DOHA -- The Palestine Papers being published this week by Jazeera Television and the Guardian provide important but many, often problematic, insights into several key aspects of the long-running Israeli-Palestinian negotiations to achieve a comprehensive, permanent peace agreement. Reading through the entire archive of over 1600 documents -- as I have had a chance to do at Jazeera Television in Doha this week -- provides a useful overview of, and insights into, the three principal actors in the process: the Palestinian Authority, the Israeli government, and American officials.
This unprecedented access to what was said and exchanged in hundreds of Israeli-Palestinian and Palestinian-American negotiating sessions clarifies why the current peace process has not achieved any substantive and lasting breakthrough for nearly 19 years (since the Oslo process of 1993). The papers provide important insights into the positions that both sides took, offers they made, concessions they granted, trial balloons they floated, proposals they rejected, and principles that guided them -- along with the American mediators’ positions on the critical core issues -- which they listed as “land, borders, security, settlements, water, Jerusalem and refugees.” Based on my reading through the entire collection of documents, the following are my initial conclusions on the key lessons to be drawn from this material.
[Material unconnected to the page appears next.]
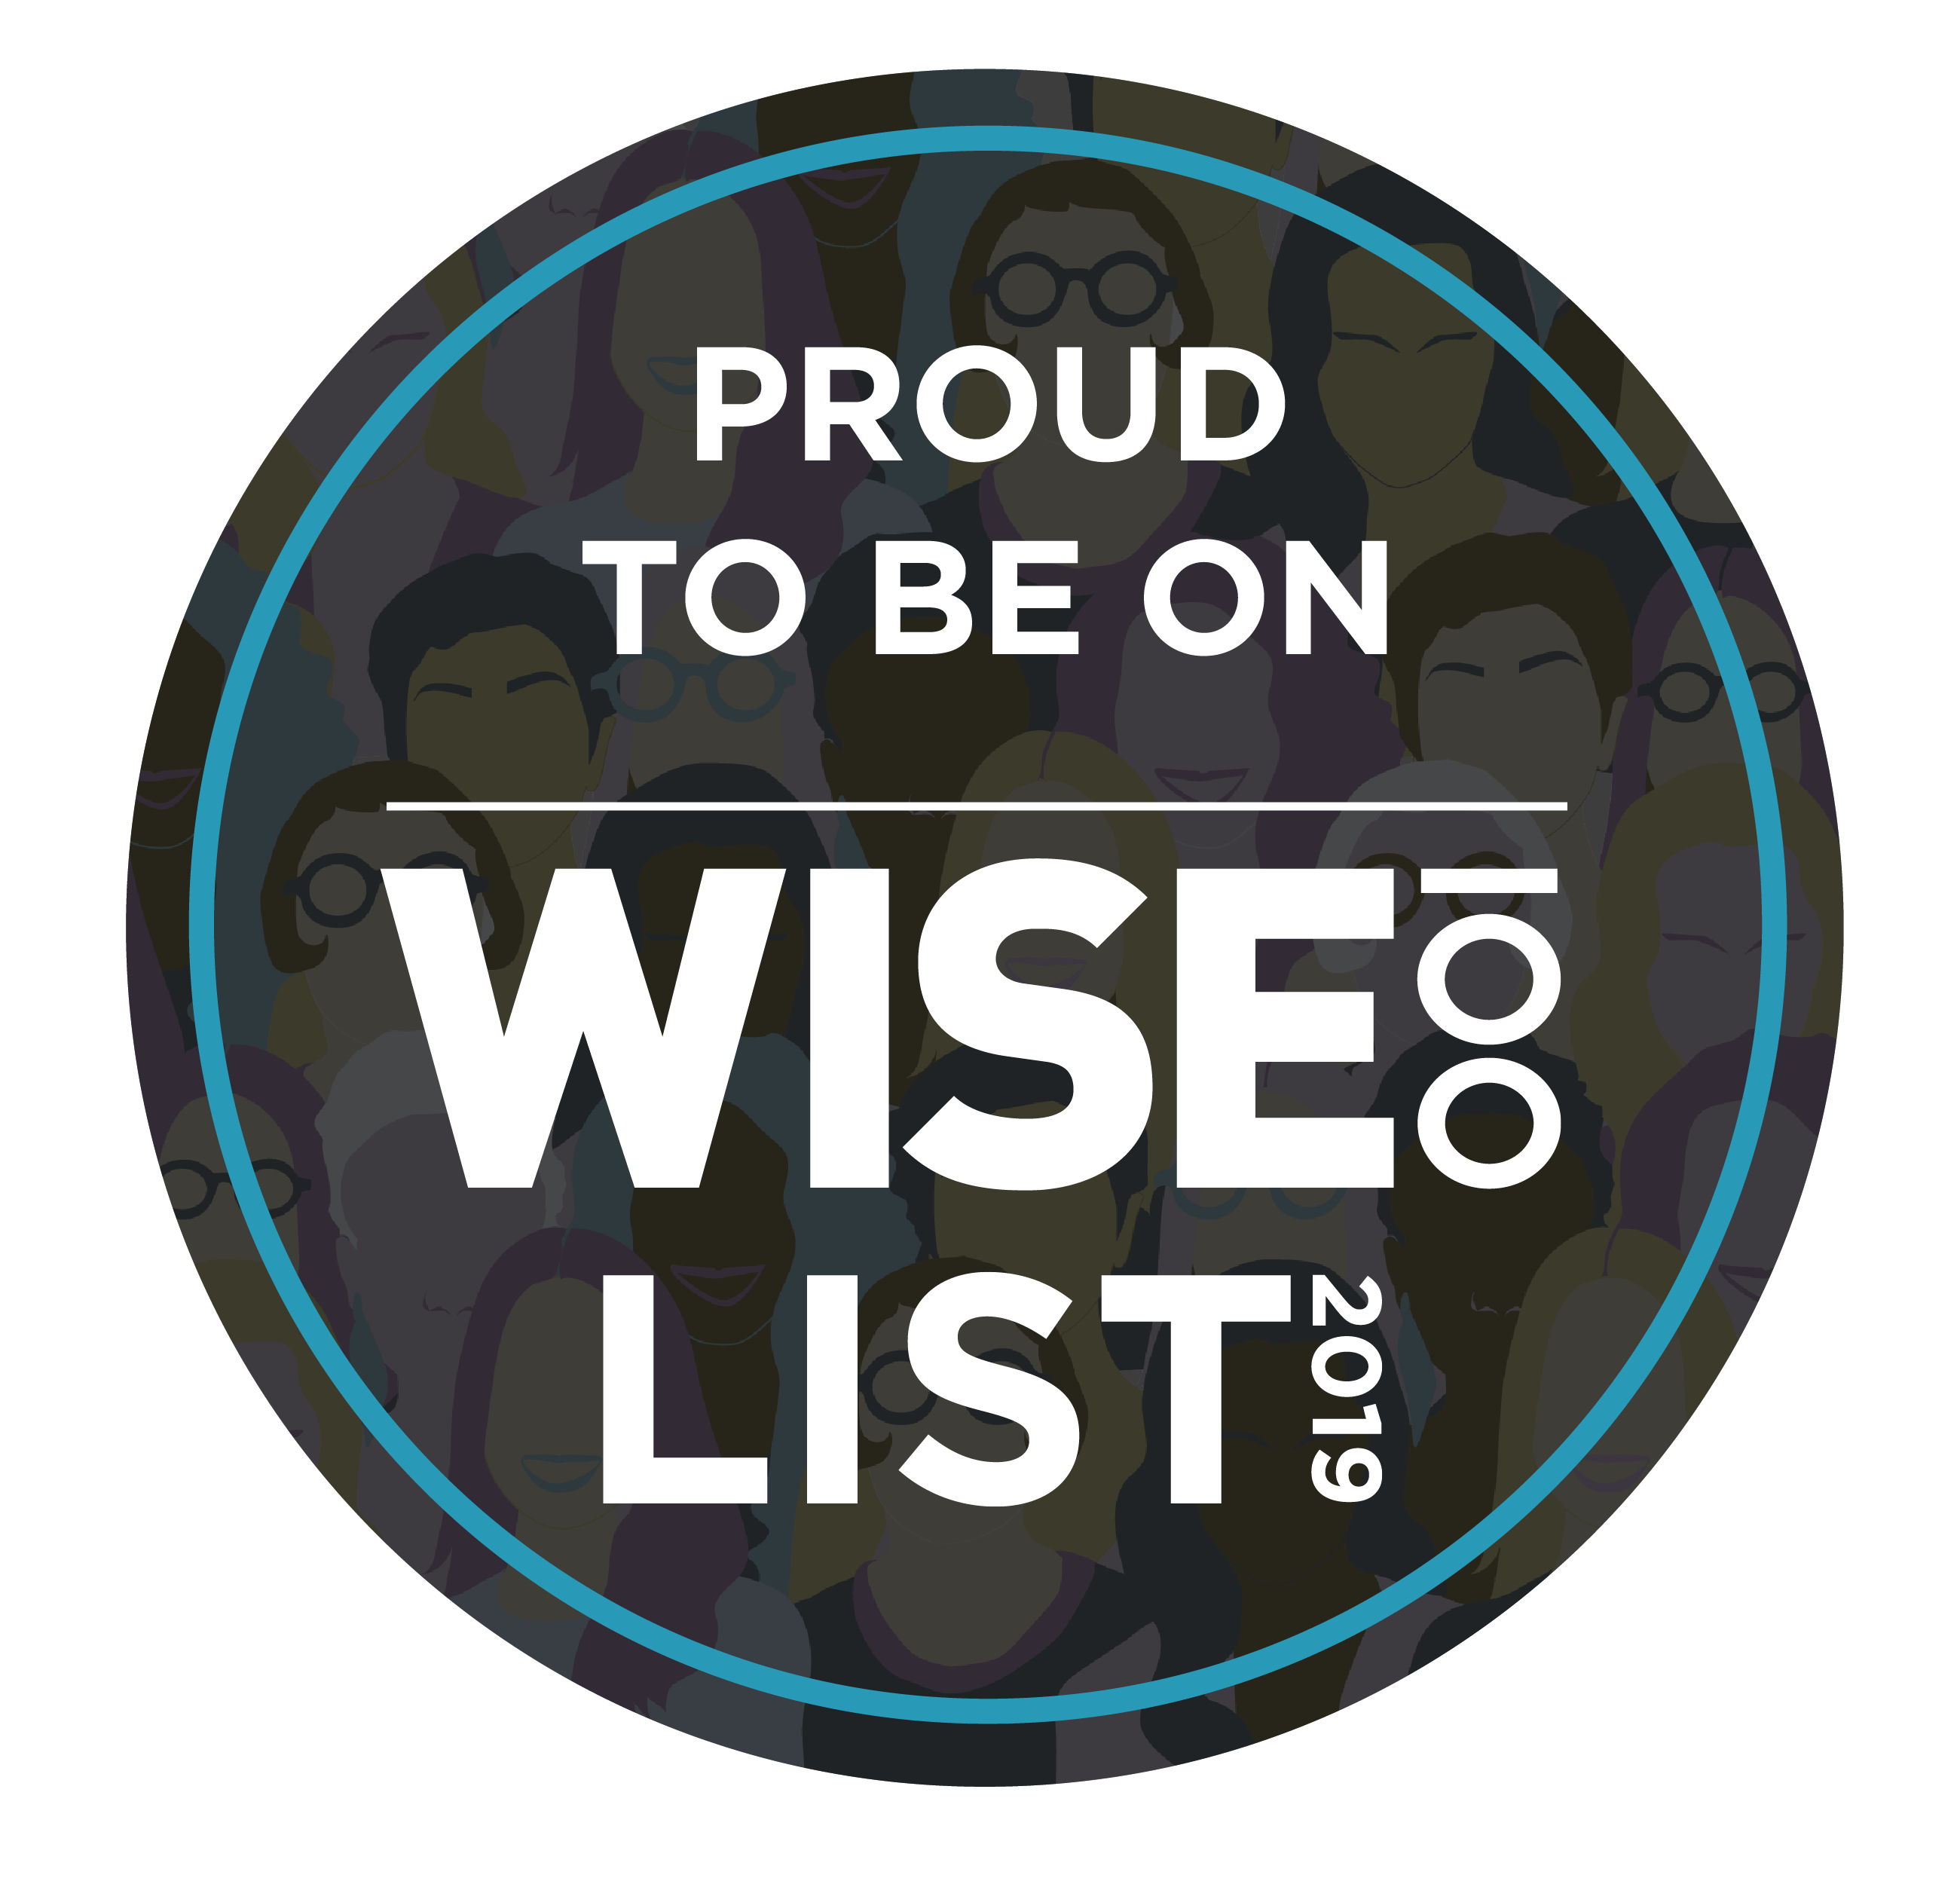 Wise 100 List

The documents indicate that the Israelis are obsessed with three dimensions of their own statehood and peoplehood that translate into negotiating demands that are probably impossible to achieve in this world, but perhaps could be done through Divine intervention. These are:
- the absolute “Jewish” nature of the Israeli state that the Palestinians must accept, which has insurmountably negative implications for Palestinian citizens of Israel and millions of Palestinian refugees;
- a demand for absolute, a priori and eternal “security” for Jews in Israel and any that may remain in existing settlements within the jurisdiction of a future Palestinian state; and,
- an unyielding refusal to acknowledge any responsibility for any dimension of the refugeehood of the Palestinians in 1947-48.
Israel acknowledges Palestinian “aspirations” and “dreams”, but not “rights”; it is willing to acknowledge the “suffering” of the refugees and their right to self-determination in the West Bank and Gaza only, but not their rights to return to their homes -- only a “claim” to return that could be resolved by allowing a maximum of 10,000 Palestinians to return to their original lands and homes on a humanitarian basis.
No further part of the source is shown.